Dr. BERTRAND. The Small Grains Collection of nearly 100,000 accessions of wheat, barley, rice, oats, rye, triticale, and their wild relatives, is the world's best. As a collection it can be improved but cannot be replaced. Present facilities have been renovated but are still inadequate for proper maintenance of the collection for more than a few years. Fiscal year 1981 funds in the amount of $100,000 are being used for planning a new facility for this collection.
Although planning is still in progress, we have in mind a building 60 ft. by 60 ft., two storied with the lower floor for seed storage and the upper floor for laboratory and other work space. The lower floor will be bunkered or below ground for energy efficiency and disaster protection. It is estimated that construction in fiscal year 1983 will cost $2.8 million.
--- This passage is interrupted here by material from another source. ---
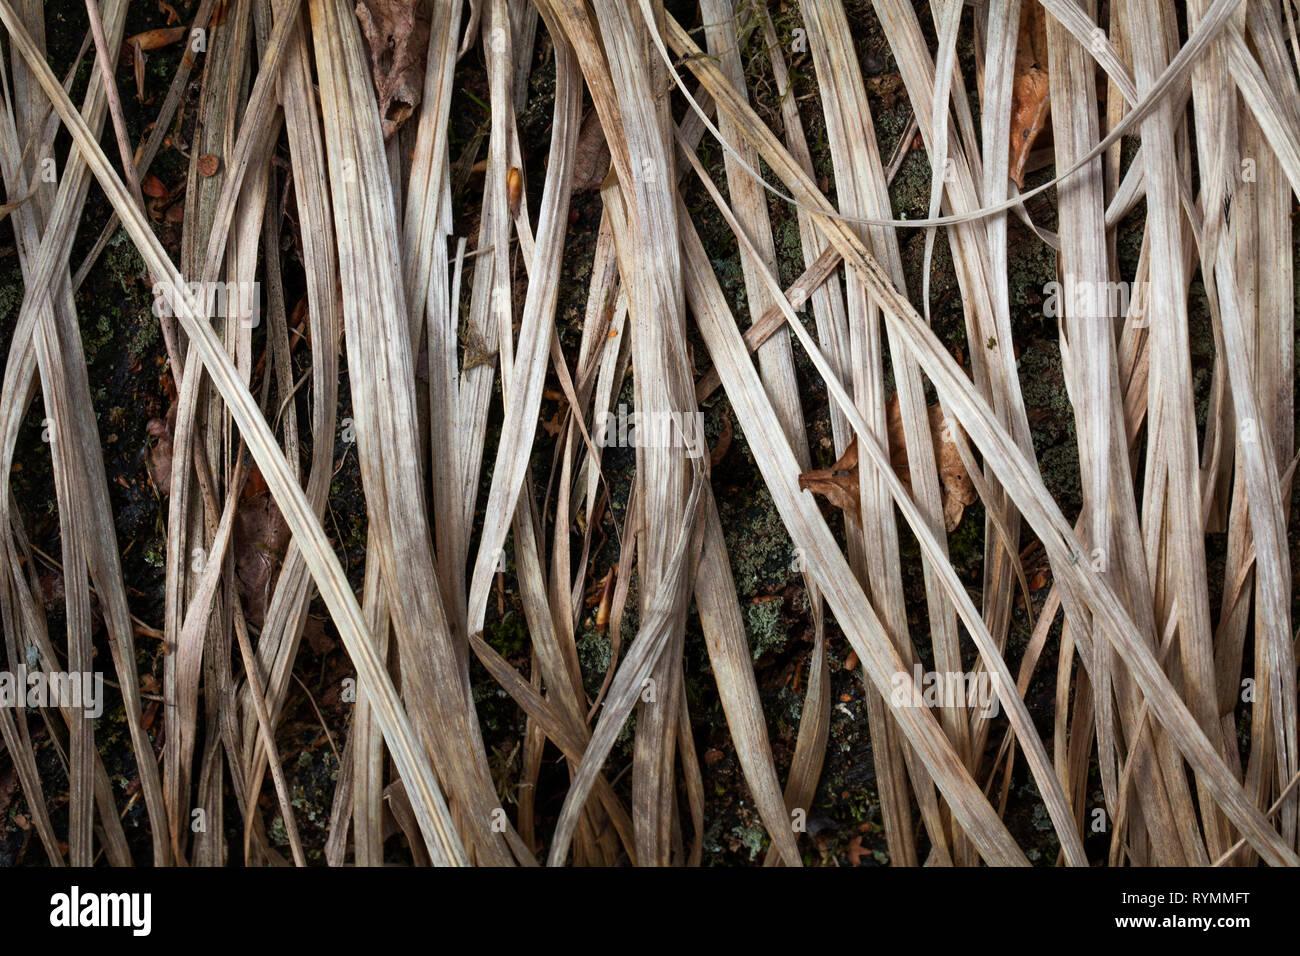 Strukturen in trockenes Gras, Nahaufnahme Stockbild

The Small Grains Collection has been located at Beltsville for 30 years and in this time many links have been forged to research programs at Beltsville making use of cereal germplasm. Support facilities such as greenhouses, growth chambers, and introduction, exchange, and quarantine facilities, could be provided elsewhere but at considerable additional cost. These were the reasons behind the decision to locate the new facility at Beltsville.
The National Seed Storage Laboratory is presently located on the campus of Colorado State University. Preliminary planning has been done for a new facility to house this laboratory. The present facility will soon be overcrowded and was not designed for the much lower storage temperatures now indicated by recent research as being optimal for long-term storage of seed. The new facility would have 35-40 thousand square feet of seed storage space and about half that amount for support activities. The seed storage rooms would be below ground to minimize energy costs and natural hazards. Preliminary estimates indicate that it would cost about $4.5 million for the facility in 1983. Construction authority will be requested in fiscal year 1982 and construction funds in the fiscal year 1983 budget.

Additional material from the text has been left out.